We went to KRA port where one pays 20bob to gain entry. They had these big boats carrying fertilizer form Tanzania being offloaded; we also got a feel of the some passenger boats which we learn are unfortunately underutilised. They would be used on special occasions say they are hired for an even like a wedding. We were left wondering how much revenue they would bring had they decided to be taking people on paid rides. We went to Dunga beach where we take a boat ride on a wooden boat. Our guide when we are in the middle of the lake starts telling us horror stories like how this part is the deepest in the lake and if you sink here you will get stuck in the mud below and die! I check the fastening on my life jacket and hold on tightly to the rails of the boat as I say a quick prayer. I still can’t swim to save a life and the thought of drowning is not one I need in my head especially in the middle of the lake. If these guys were unscrupulous and held us at ransom, I would have willingly given all my belongings to them haha.
Since it was early afternoon we decide to go to Busia. We go take a Nissan matatu that plays tricks on us. They ask for money and they then take the Nissan to a bus and tell us to board the bus. We make a lot of noise but these guys were really arrogant, they even tell us to call the police we won’t get help. This is how they get buses filled because people avoid getting in them. The trick is if you see guys charging before the journey, just alight and find another matatu, insist on paying once the vehicle is on the road en-route to your destination. We were getting to Busia almost six. We cross over to Uganda and do hurried shopping because we had been told that past 6.30 we wouldn’t get matatus going back. By the way things are way super cheap in Uganda, they don’t have so many taxes like us on the Kenyan side. By 6.20am we cross over to the Kenyan side and since we know the journey would be extremely long we decide to buy some snacks. That was our mistake. Because we get out of the tumaini supermarket and the last matatu to Kisumu had departed. We find a bus to Nairobi that agrees to take us to Kisumu and that is where our adventure starts.
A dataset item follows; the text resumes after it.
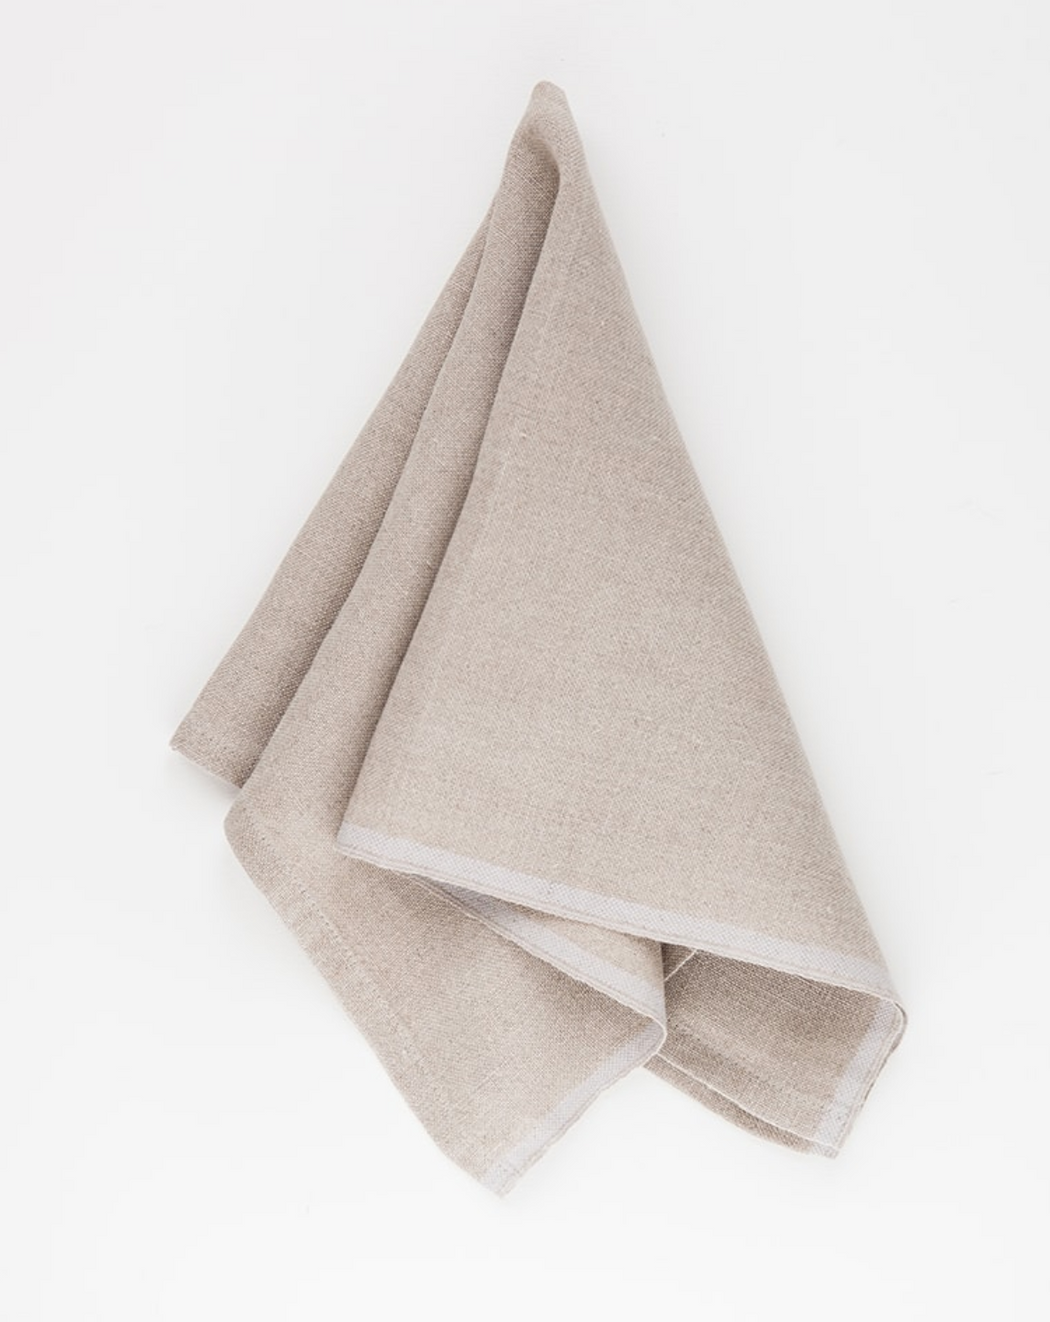 Mungo :: Colored Edge Linen Napkin, White

The bus leaves Busia well then continues picking up passengers on the way, at some point they stop and tell us that they had booked our seats to Nairobi bound passengers! We really cause a scene, thankfully because J is 6’5” they give us refunds chap chap because we were really spoiling for a fight, well I was because I knew I had back up lol. It is now 8 pm and we are in the middle of nowhere and there is no other bus that seems to be coming. We start thinking of finding a place to sleep when this long distance trucker stops and asks where we are headed. We tell him Kisumu and he agrees to take us. There were so many hyenas on the road which I came to learn are from nearby Ruma national park, occasionally you would meet the night runner on their trade followed by dogs, this was really new for me. As we are about to get to Kisumu we find a police check road block and our driver decides not to stop. Being unauthorised passengers we knew we were being setup to getting arrested. The cops threw spikes on the road and he had to apply emergency brakes on that thing, if the trailer were loaded we would have run through the spikes. The cops are now suspicious of us and come really furious at the driver. This guy was arrogant he really talks smack at the cops and they see us. J was the first to be told to alight and had cuffs put on him, I joined him and offered my hands for the cuffs and the cop opens one side from J’s cuff and puts it on me. They ask us who we are and where we stay. When I mention Milimani one guy comes and asks me if I am related to some senior bureaucrat in that area. I lie and say yes and that does the trick, we are let go. The driver was at this point talking nicely after being harassed to submission, they let us go and we tell the guy he should have stopped when he say the police check. He tells us how he never stops and we are left thinking this was a scheme whenever he carries guys to get them to pay bribes to the cops and they share the loot.
We get to Kisumu well past 2 am and we go to our hotel and sleep. In the morning after all we should be getting back to Nairobi.